How to complete this task:
For the entries below, print exactly the lines between the line holding "The chairs have" and the line holding "The chairs are in a very nice", inclusive, and nothing else.

Items from a dataset:
◆ ◆ ◆

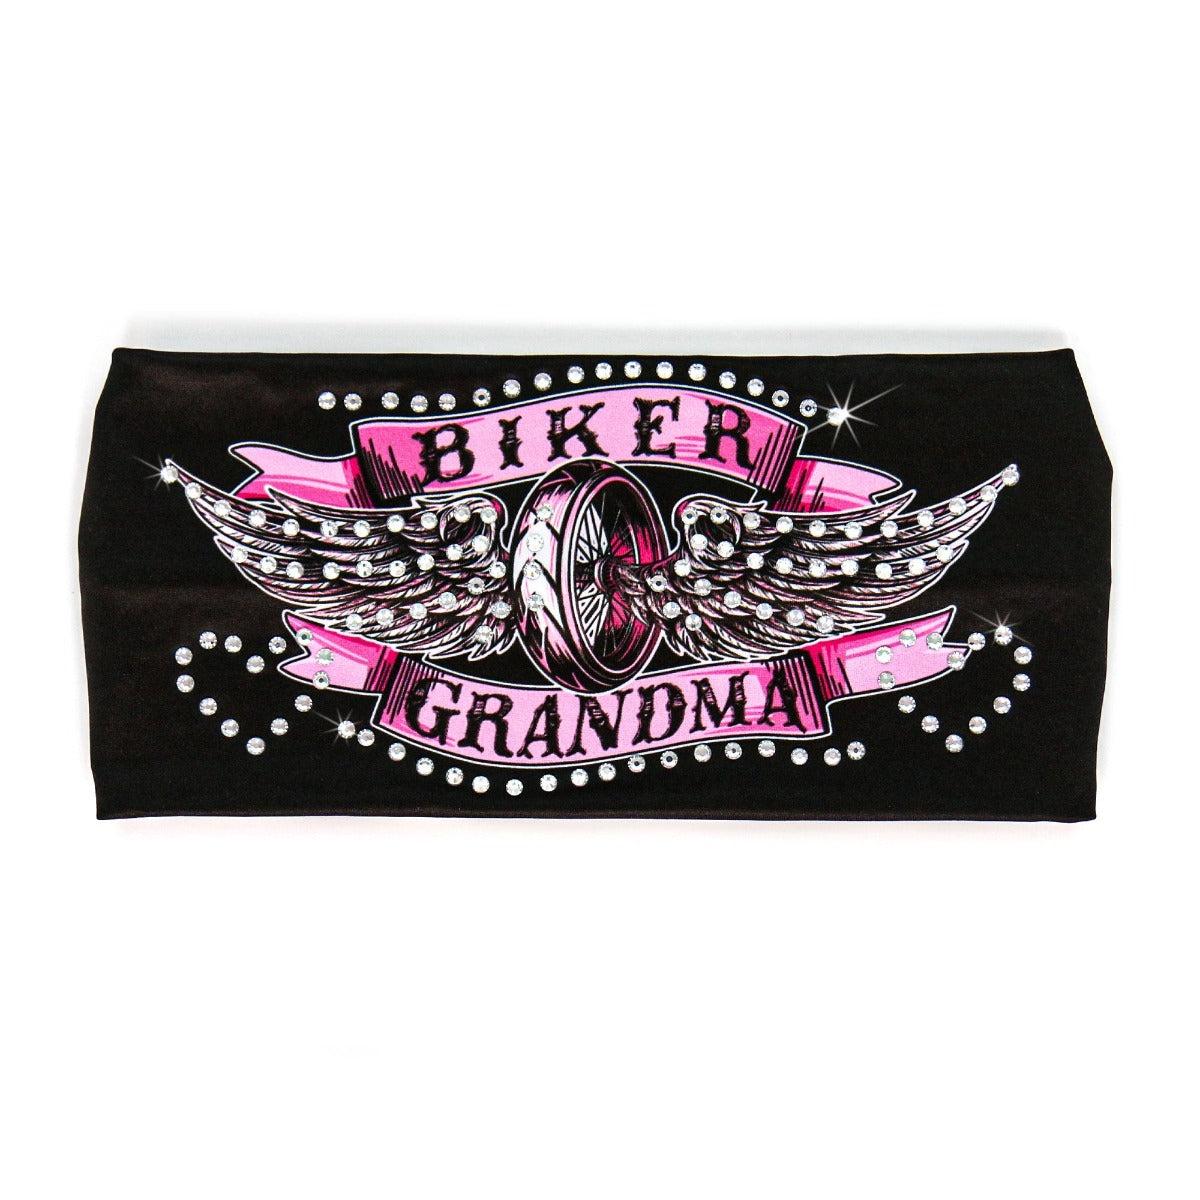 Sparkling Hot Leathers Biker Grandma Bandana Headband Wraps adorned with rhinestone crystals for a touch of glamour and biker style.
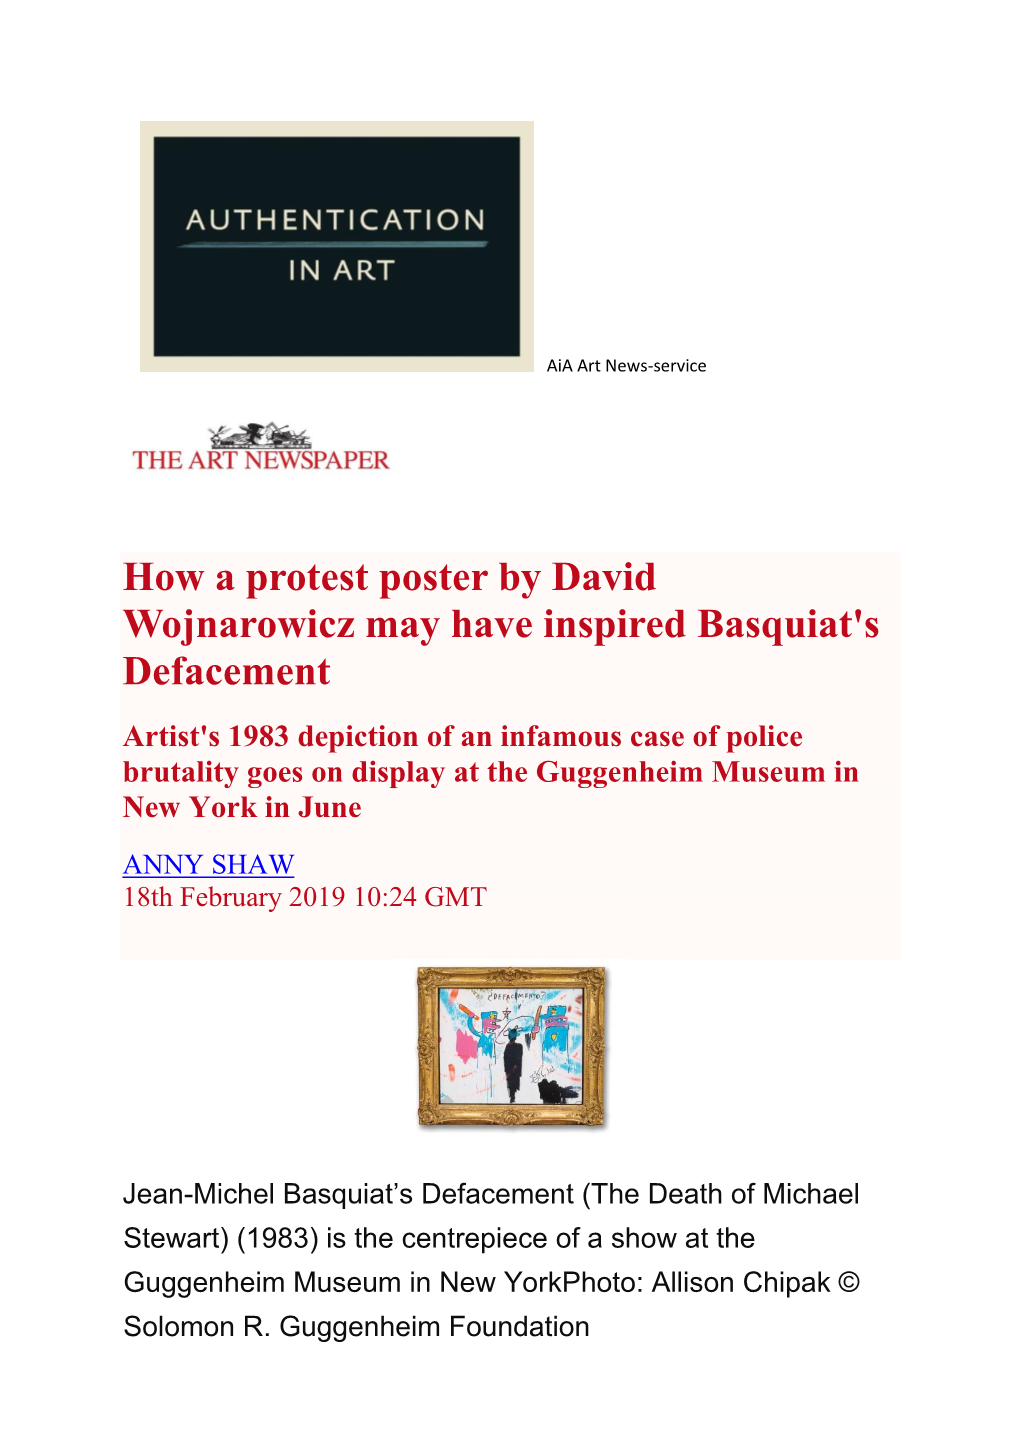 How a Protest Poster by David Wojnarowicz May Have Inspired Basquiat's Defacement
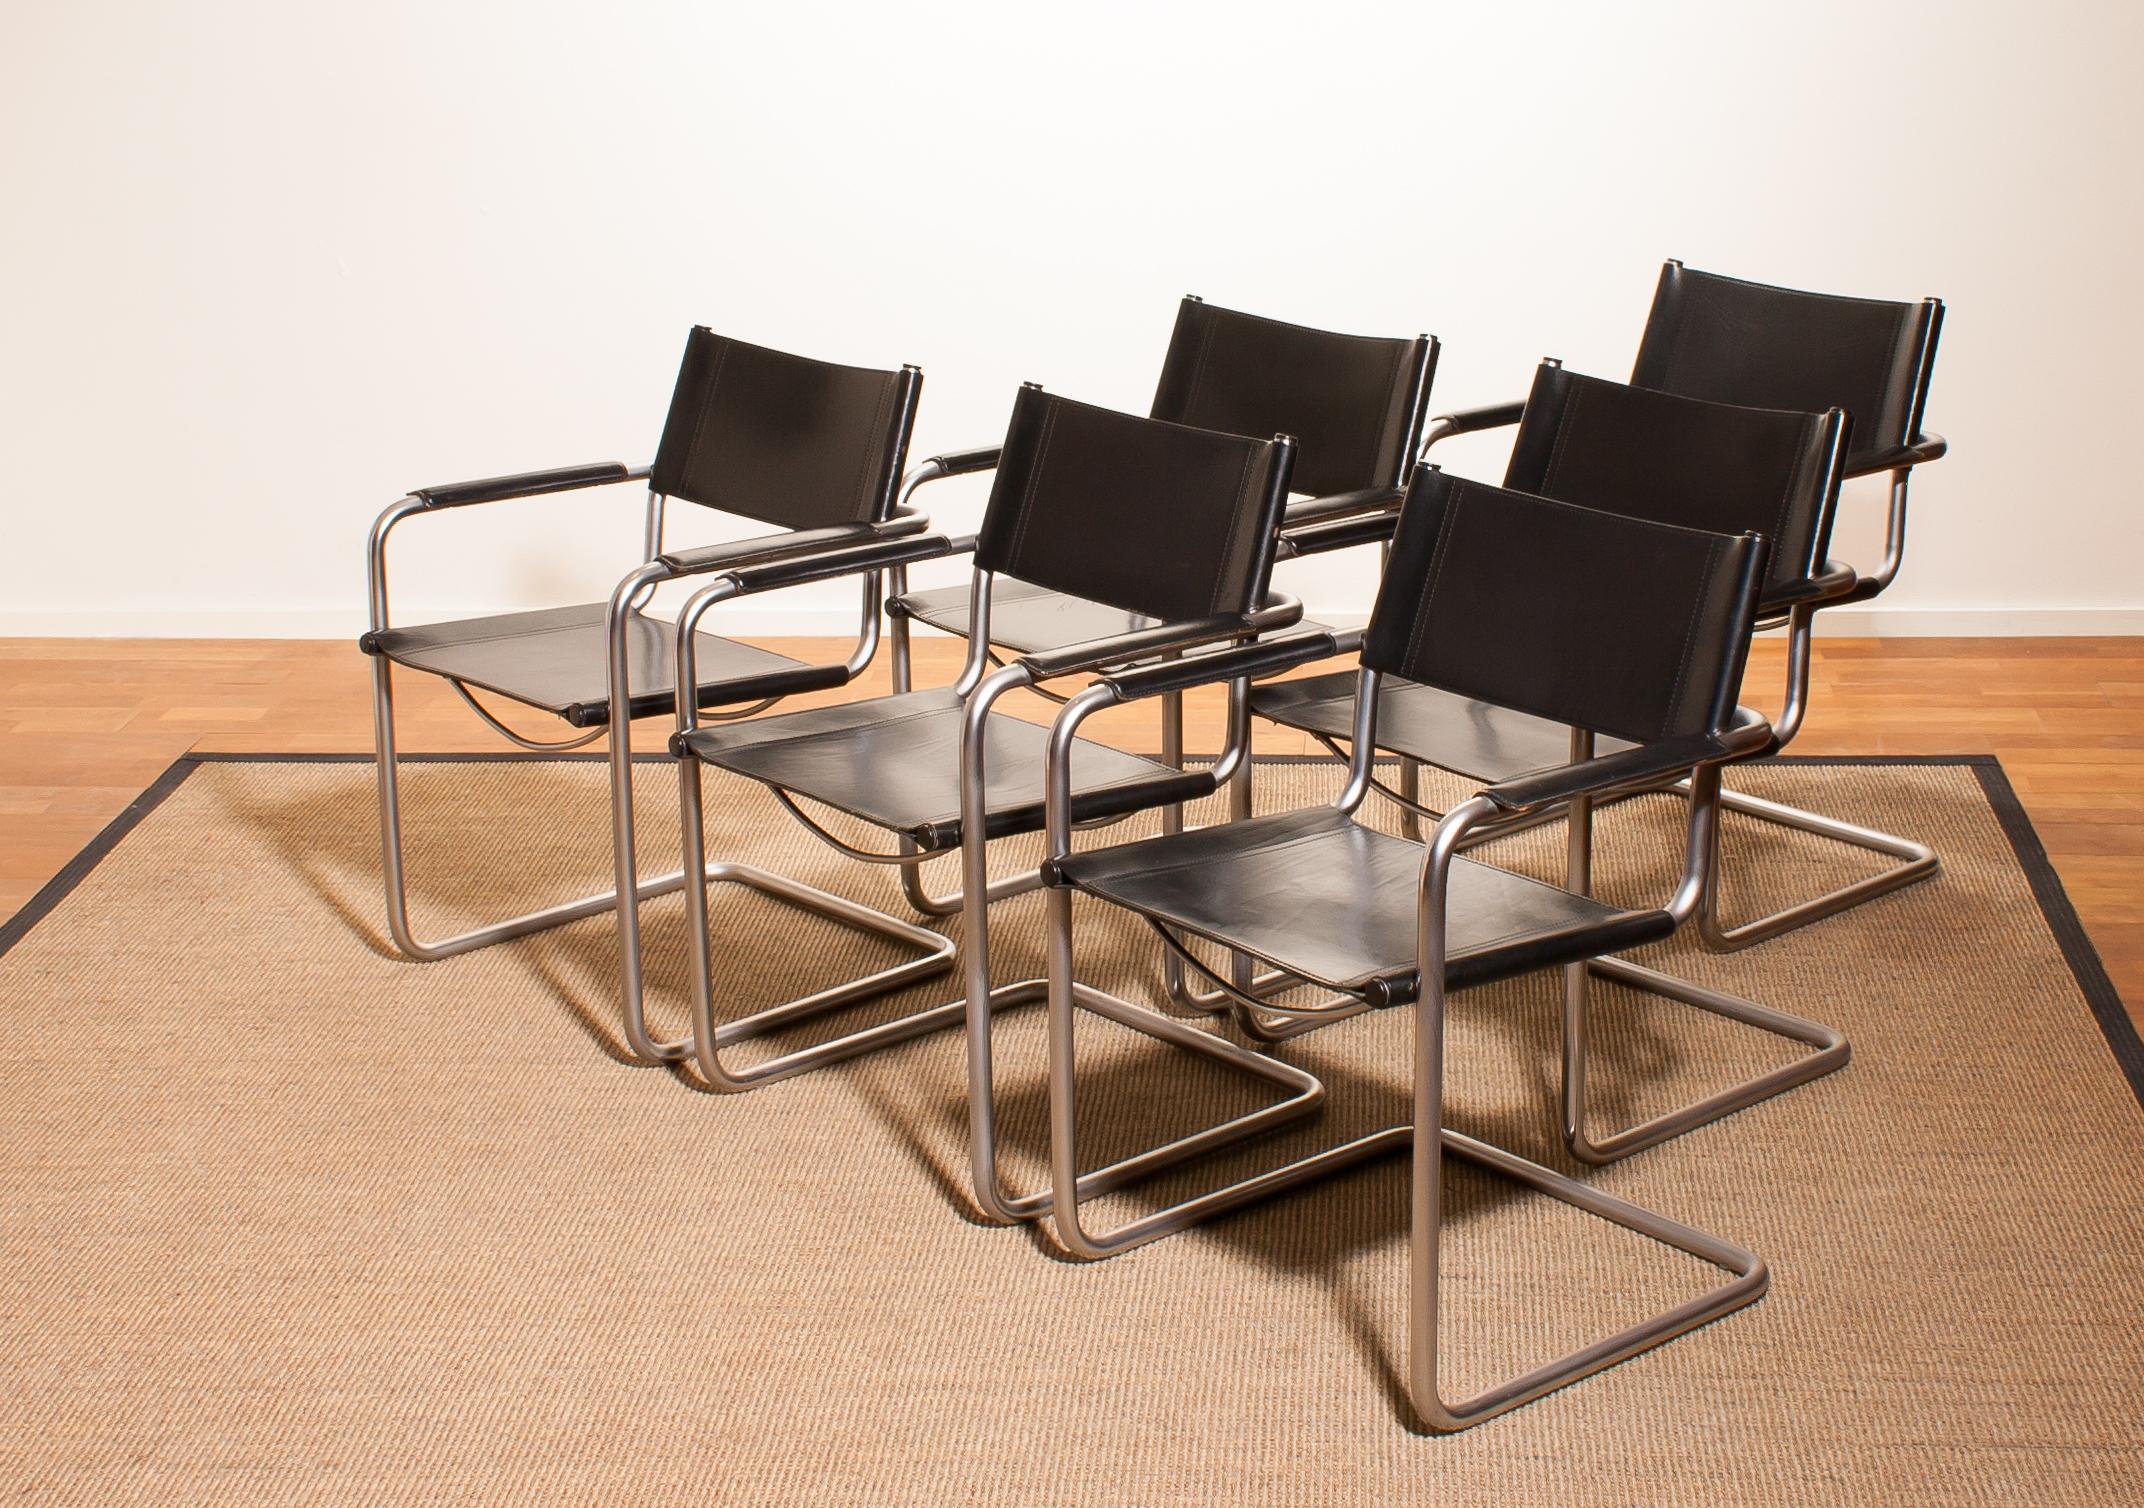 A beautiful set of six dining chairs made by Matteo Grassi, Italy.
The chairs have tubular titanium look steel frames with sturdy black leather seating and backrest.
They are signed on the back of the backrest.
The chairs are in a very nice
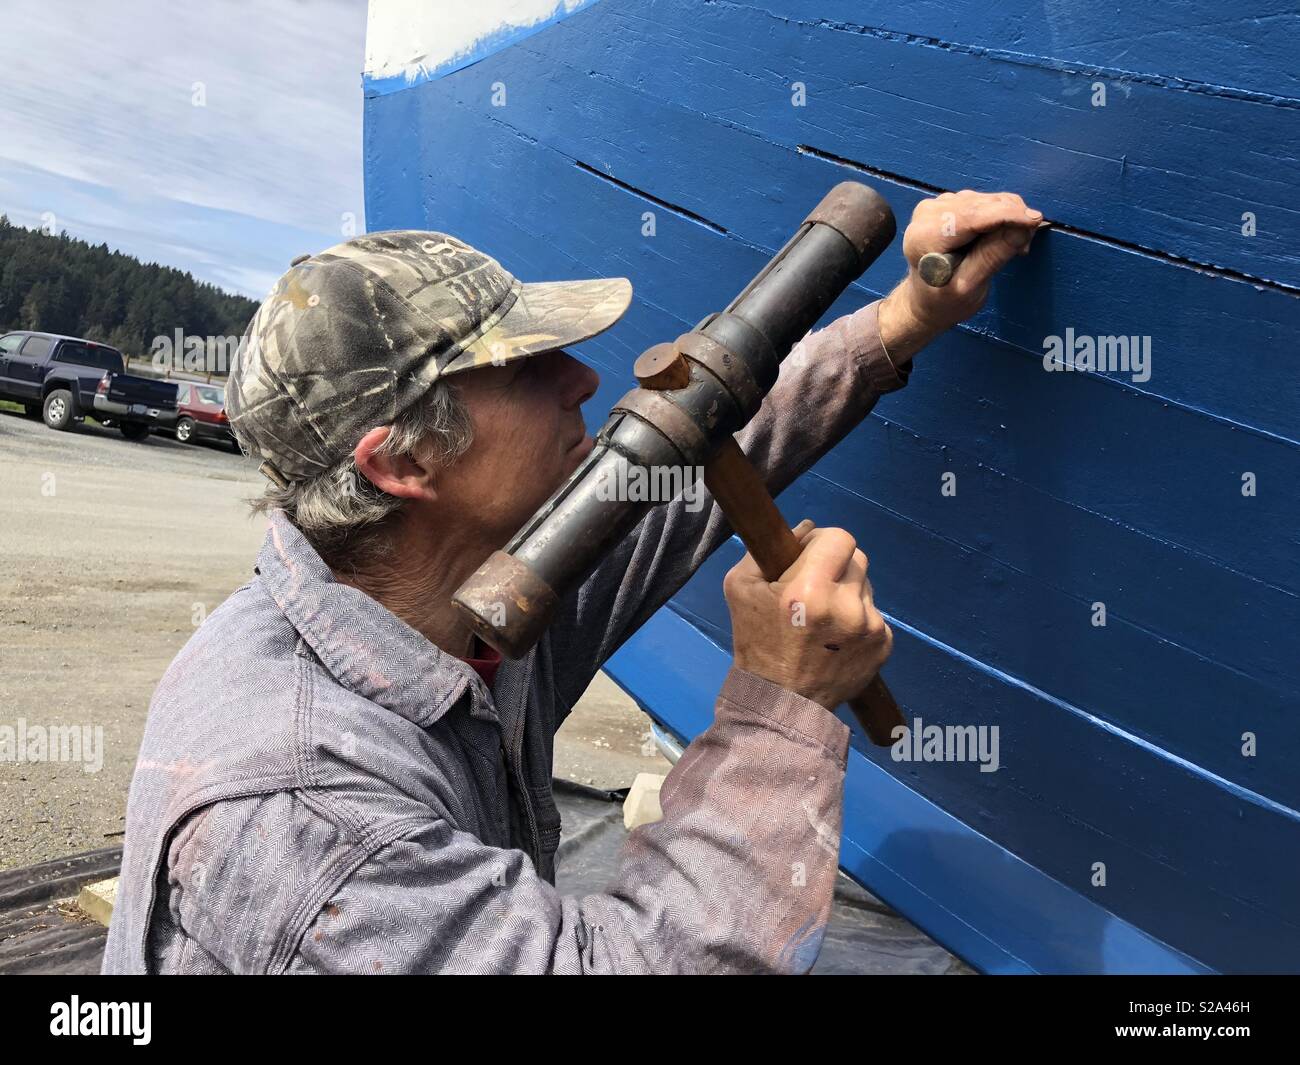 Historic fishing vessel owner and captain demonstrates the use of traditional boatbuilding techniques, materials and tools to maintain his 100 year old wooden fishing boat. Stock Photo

◆ ◆ ◆

Reply:
The chairs have tubular titanium look steel frames with sturdy black leather seating and backrest.
They are signed on the back of the backrest.
The chairs are in a very nice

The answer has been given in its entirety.